Whether it is through the advent of compulsory schooling, the psychologization of society and the rise of therapeutic language, or an increase in media coverage resulting in heightened awareness about the disorder, an ecological niche for ADHD to thrive has arisen. The disorder may well recede in years to come because of changes in society but because of current environmental factors, ADHD has become a deviance that is easily noticed and identified.


Final thoughts


ADHD as an official classification has been under constant change since it entered the DSM system. It first entered the DSM-II in 1968 as Hyperkinetic Reaction to Childhood, and was only required to be in one setting (Kos & Richdale, 2004). It was then amended to Attention Deficit Disorder (ADD) in the DSM-III and DSM-II-R, with distinctions between hyperactivity, impulsivity and inattention (APA, 1980). The DSM-IV and DSM-IV-TR classified it as either ADD or ADHD, without a distinction between impulsivity, and hyperactivity, but the disorder needed to be displayed in two settings or more (APA, 1994). What do all these changing criteria mean? A longer discussion is beyond the scope of this essay, but I think that Ian Hacking’s looping effects is relevant here. Perhaps while the category was changing, so were the category holders. The category changed because society did and this evolution propelled a further change to the category which in turn saw more changes to the people who hold this category (Hacking, 1995). Because people are constantly changing, the category needed to be constantly changing too.

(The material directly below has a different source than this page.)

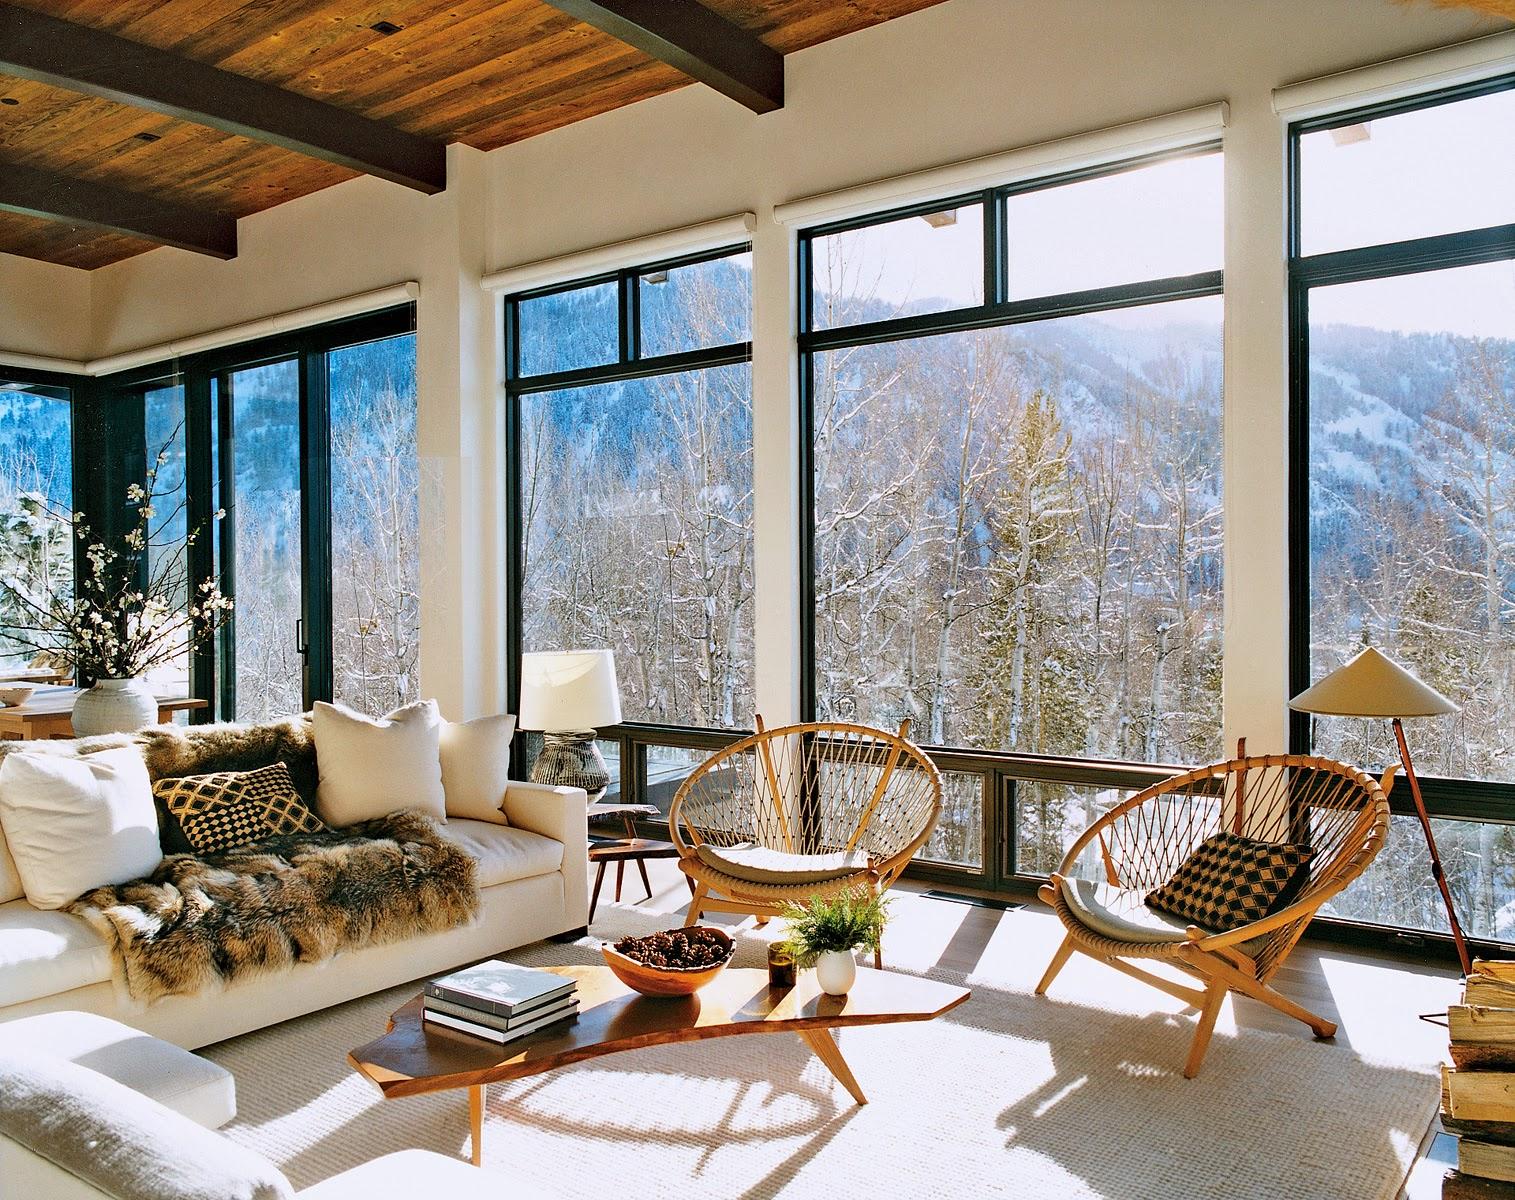 Aerin Lauders modern winter home in Aspen stunning mountain views 1515x1200

The prevalence rates of ADHD are ever rising, and there are a myriad of reasons for this. ADHD as a desired diagnosis could explain why the disorder is continually being diagnosed by the people who have the power to do so. An ecological niche that facilitates ADHD as a disorder only enhances its ubiquitous prevalence and the integrity of the ADHD diagnosis should be constantly put under scrutiny to question whether the assessment is really pathologizing what is actually disordered behaviour and not simply normal experience or a disordered society.